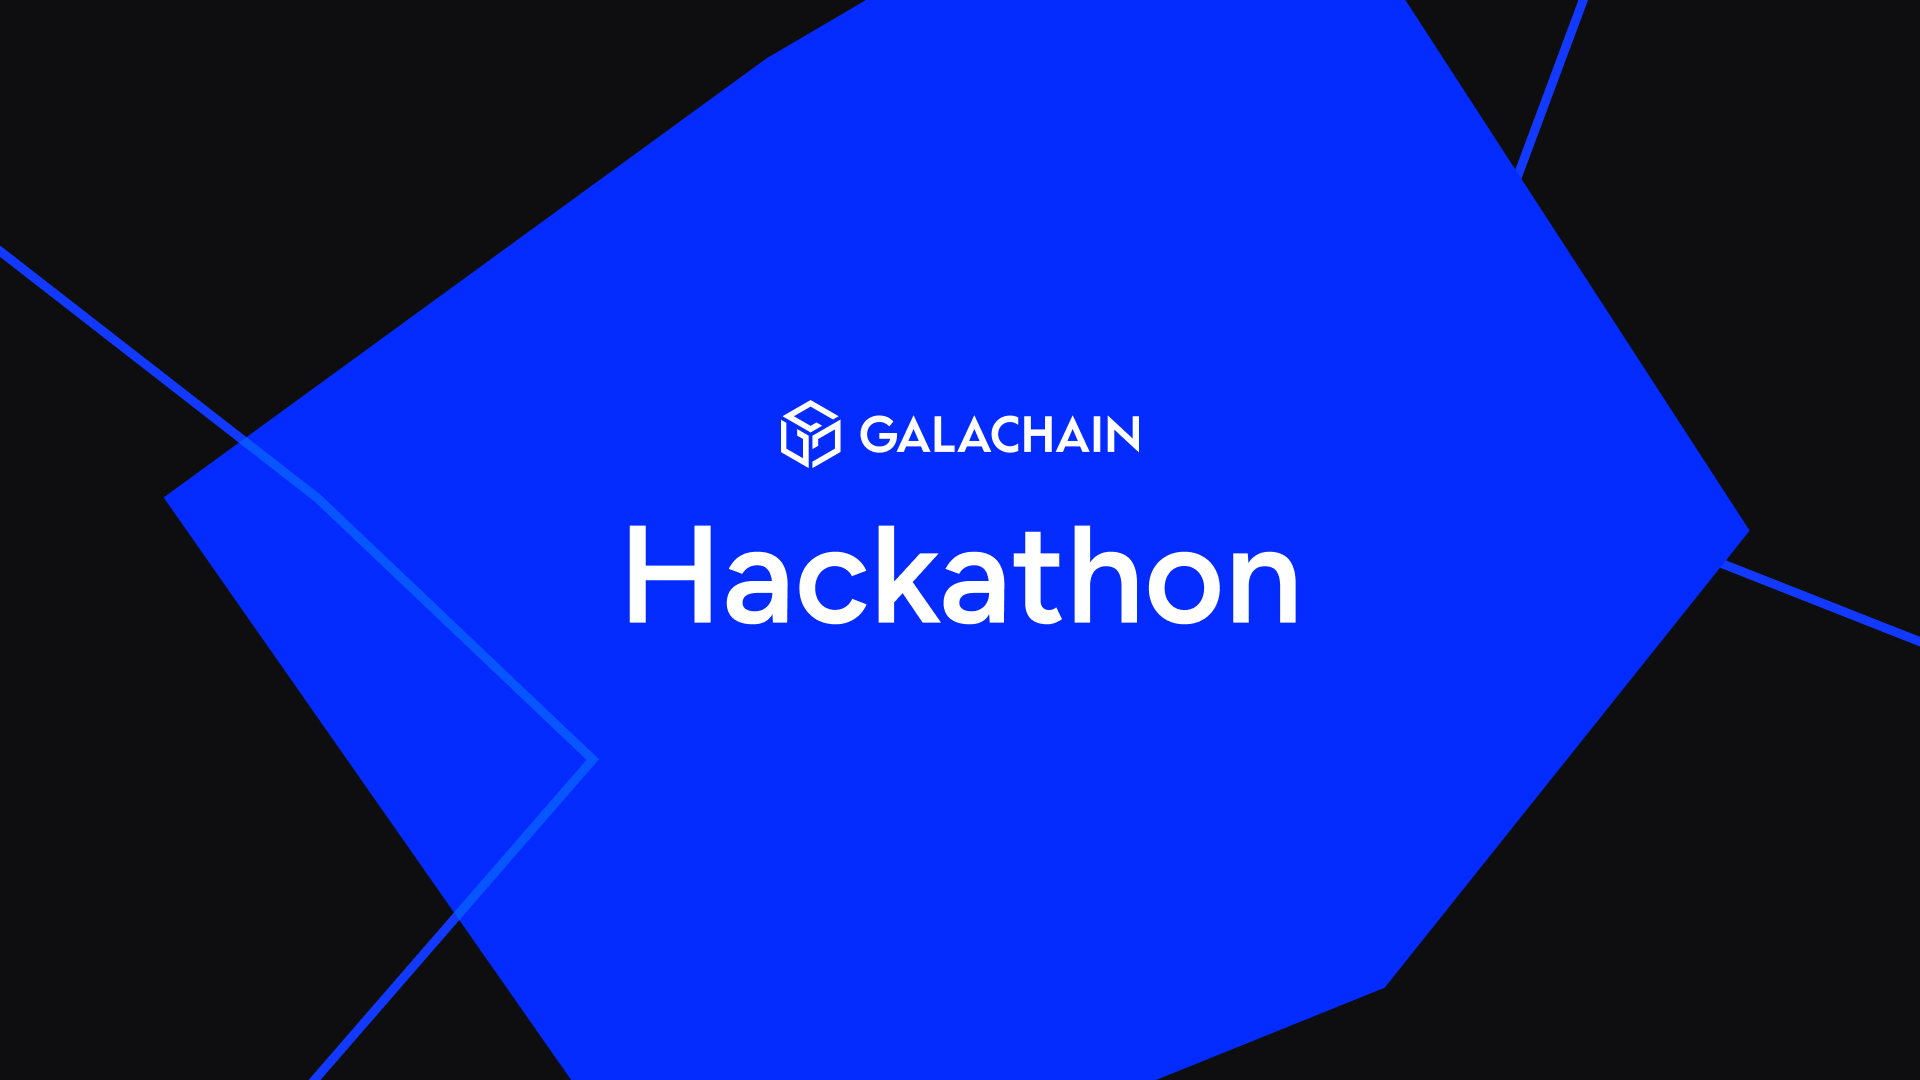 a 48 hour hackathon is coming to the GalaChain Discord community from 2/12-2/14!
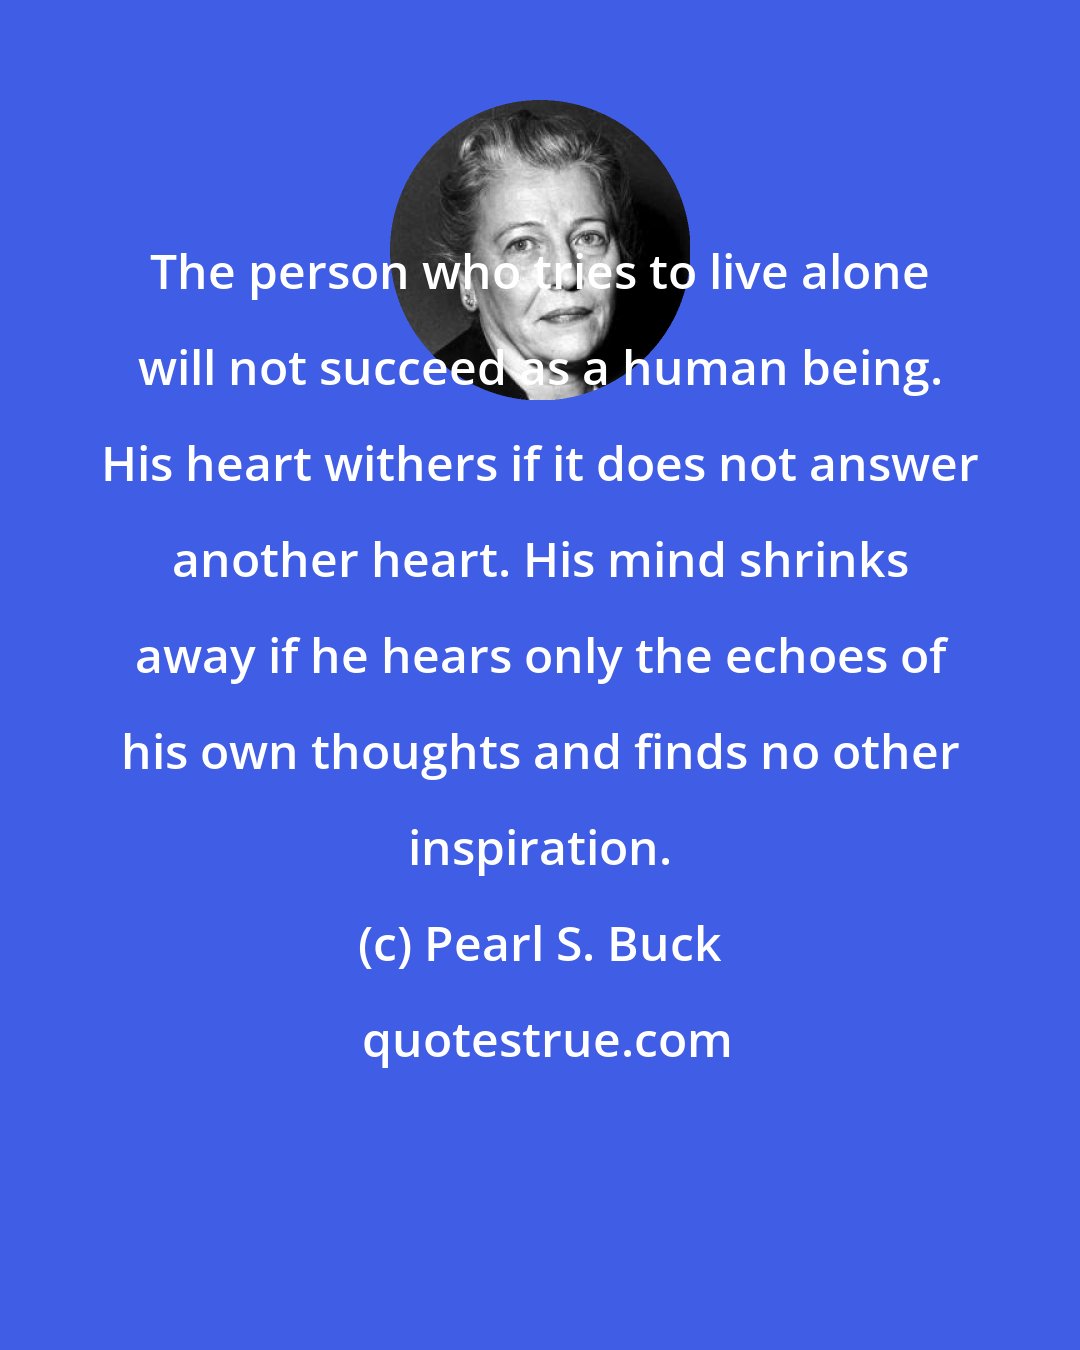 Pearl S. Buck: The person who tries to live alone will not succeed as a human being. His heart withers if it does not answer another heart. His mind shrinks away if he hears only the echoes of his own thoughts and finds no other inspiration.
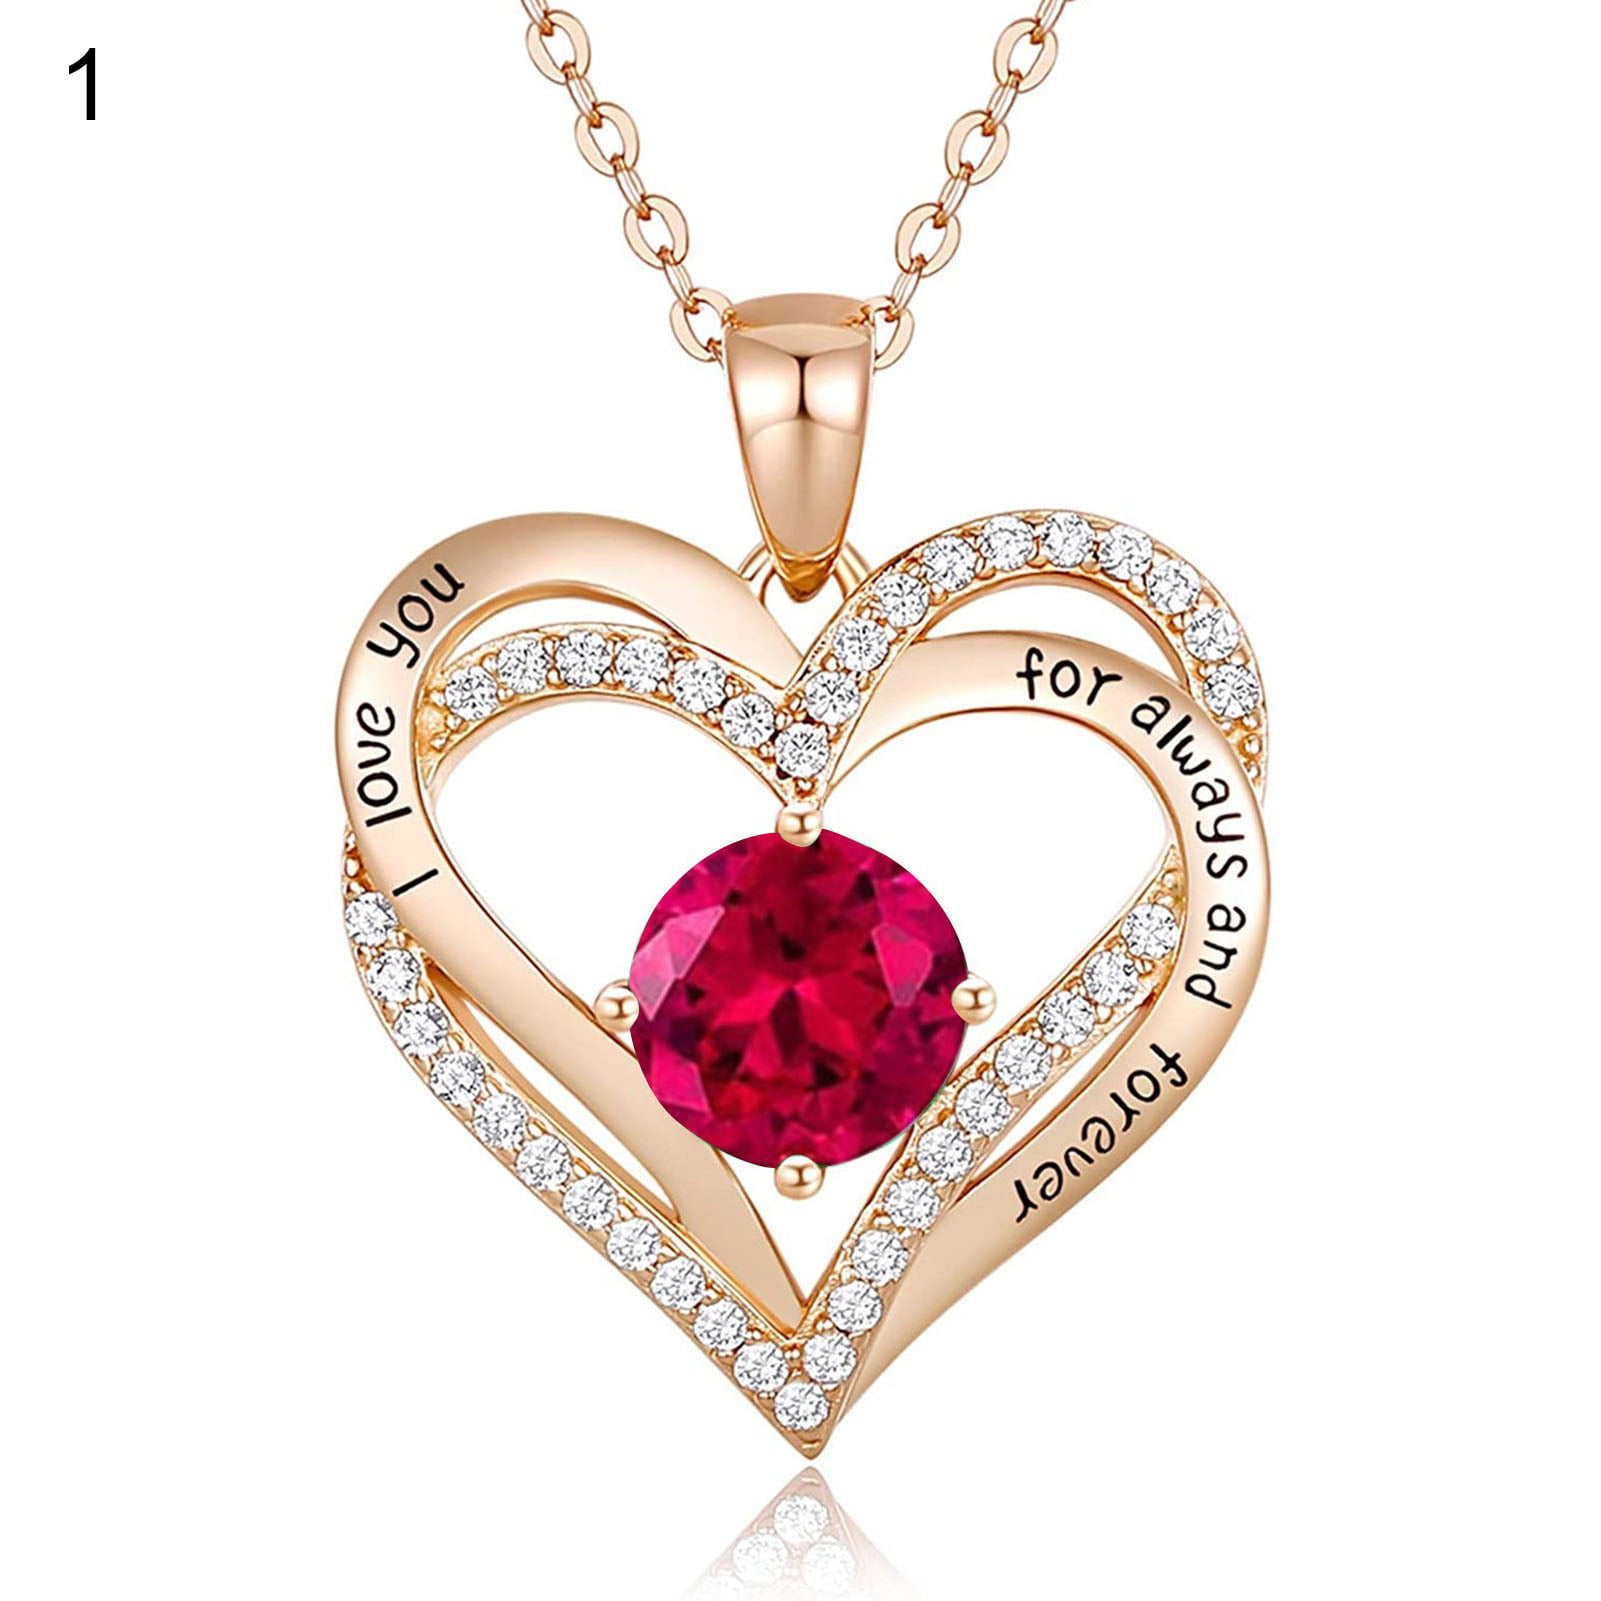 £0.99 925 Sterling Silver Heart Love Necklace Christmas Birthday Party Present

- **Goal of the exercise**: Skipping any pictures, transcribe the full listing exactly.

- **Output of the exercise**:
 a 48 hour hackathon is coming to the GalaChain Discord community from 2/12-2/14!
 Pearl S. Buck: The person who tries to live alone will not succeed as a human being. His heart withers if it does not answer another heart. His mind shrinks away if he hears only the echoes of his own thoughts and finds no other inspiration.
 £0.99 925 Sterling Silver Heart Love Necklace Christmas Birthday Party Present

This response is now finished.